I was able to build the index from scratch and confirm that it builds within the time and memory limits. I got the following results:
2: hanns,tree=34/40000,reorder=150 0.899 46754.467 4: hanns,tree=42/40000,reorder=160 0.911 42331.832 6: hanns,tree=32/40000,reorder=140 0.894 48426.372 9: hanns,tree=36/40000,reorder=150 0.902 45949.345 12: hanns,tree=32/40000,reorder=150 0.895 47507.687 14: hanns,tree=27/40000,reorder=111 0.877 54890.437 15: hanns,tree=27/40000,reorder=130 0.882 53006.511 16: hanns,tree=38/40000,reorder=140 0.903 45162.090
20: hanns,tree=34/40000,reorder=155 0.899 46443.915 21: hanns,tree=37/40000,reorder=145 0.902 45388.283

These agree with the results you shared, and that I found with the pre-computed index. I will approve the merge and speak with the other admins about updating our official results. Great entry!

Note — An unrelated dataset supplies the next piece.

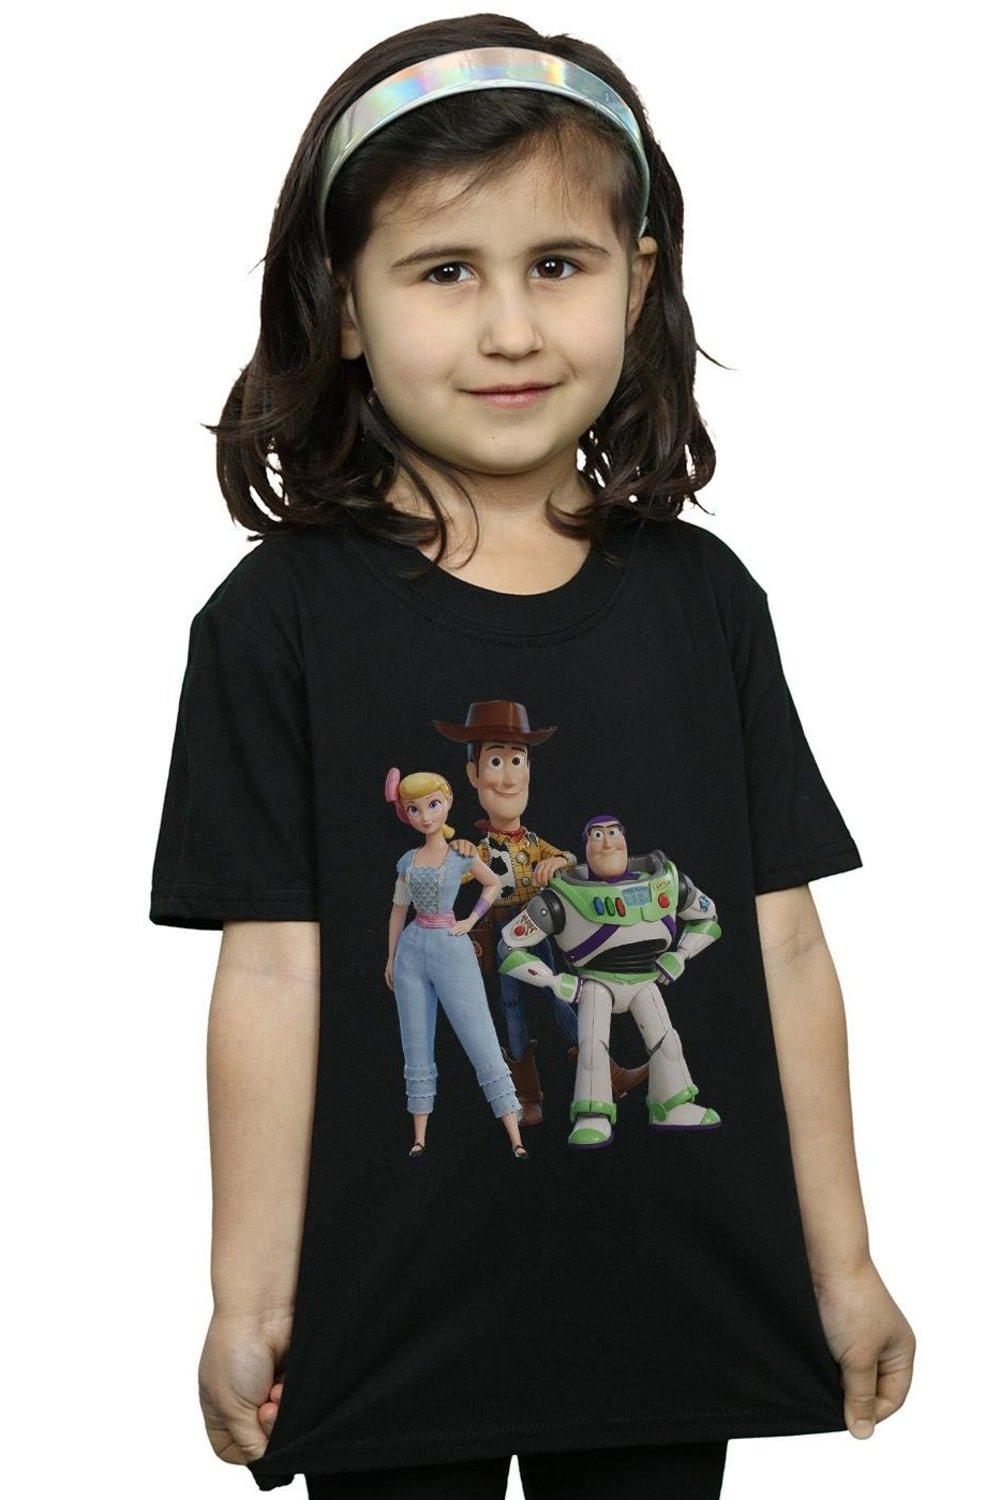 Хлопковая футболка «История игрушек 4: Вуди Базз и Бо Пип» Disney, черный пазлы история игрушек шериф бо пип и рекс детская логика

arron2003 commented 2 months ago

Hi @AndrewHYu
Thanks for submitting.

I wonder if you can clarify the relationship between your submission and ScaNN? It looks like your submission loads a ScaNN index: https://github.com/harsha-simhadri/big-ann-benchmarks/blob/main/neurips23/ood/hanns/hanns.py#L23-L46

The config.pb file is also identical to that of the ScaNN submission:

diff <(curl https://hanns.obs.ap-southeast-1.myhuaweicloud.com/v2/config.pb) <(curl https://storage.googleapis.com/scann/big-ann-2023/ood/scann_config.pb)

@magdalendobson for FYI.

AndrewHYu commented 2 months ago

Hi @arron2003 Thanks for your reminder and contributions. We used the ScaNN clustering method, and we found that there are many excellent designs that can improve performance and accuracy. Then some configuration items are reused, so the config.pb file is directly used. We will update the readme for details.

harsha-simhadri commented 2 months ago

@AndrewHYu Could you please share your name, affiliation and any collaborators on this code?